This fried cornbread recipe is an interesting spin on baked cornbread. Since it is spooned or dropped into a hot skillet, it is called a batter bread.
It can be fried as one whole piece but flipping it to brown the other side can be a problem. When the batter is dropped into individual pancake-size portions, fried cornbread is known as johnnycakes or hoecakes.
Cornbread, fried or not, is a natural with chili, black-eyed peas, beans, fried fish, greens with smoked neck bones, stews, gumbos and whatever else appeals to you and your family.
The age-old question is whether or not to add sugar to the batter. The answer is that this is a personal choice. Some foods just don't marry well with sweet cornbread. If you serve the cornbread with honey and butter, the batter can stand up to the sugar, but chili not so much.
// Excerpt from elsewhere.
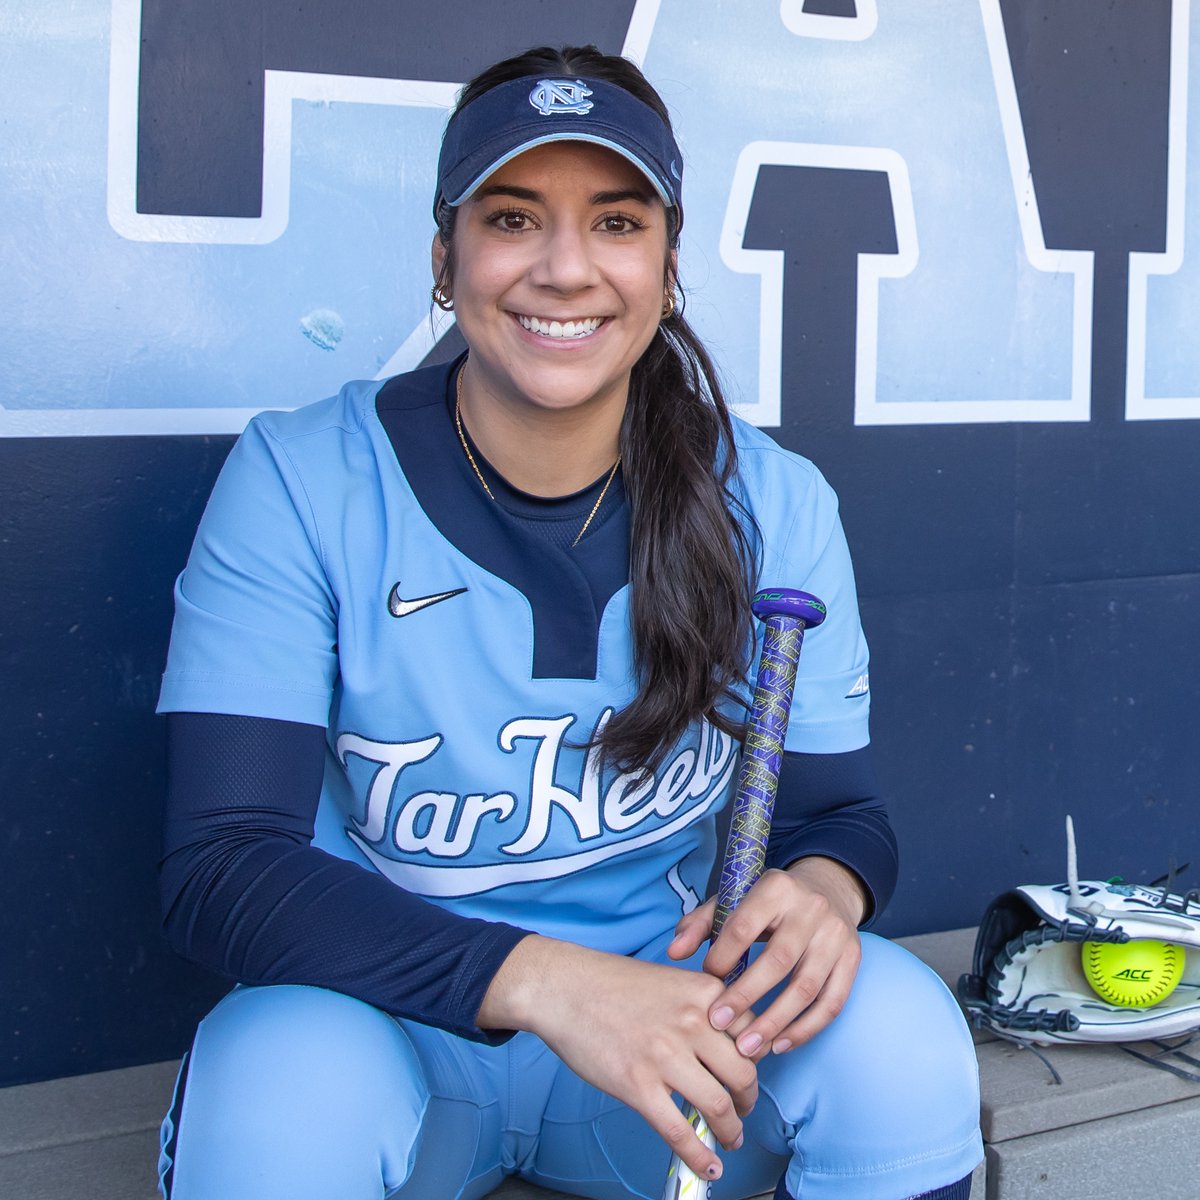 Three long balls today for our home run queen 👑 #GoHeels

The choice is yours.
Related Recipe: Fried Hot Water Cornbread Cakes
- 2 cups cornmeal
- 1/4 teaspoon salt
- 1/4 cup self-rising flour
- 1 cup water
- 1/4 cup bacon drippings (or 1/4 cup cooking oil)
- 1/2 cup milk (or 1/2 cup buttermilk)
- 1 large egg
- Oil for frying
- In a medium bowl, mix cornmeal, salt, self-rising flour, water, bacon drippings, milk and egg to form a batter thick enough to drop out with a tablespoon.
- Heat a skillet (preferably cast-iron) until hot but not smoking. Add oil and fry the batter in one whole cake or individual portions like pancakes, flipping to cook the other side.
- Serve with honey and butter, if desired.
Note: If the skillet is too hot, the cornbread will brown on the outside and not be done on the inside.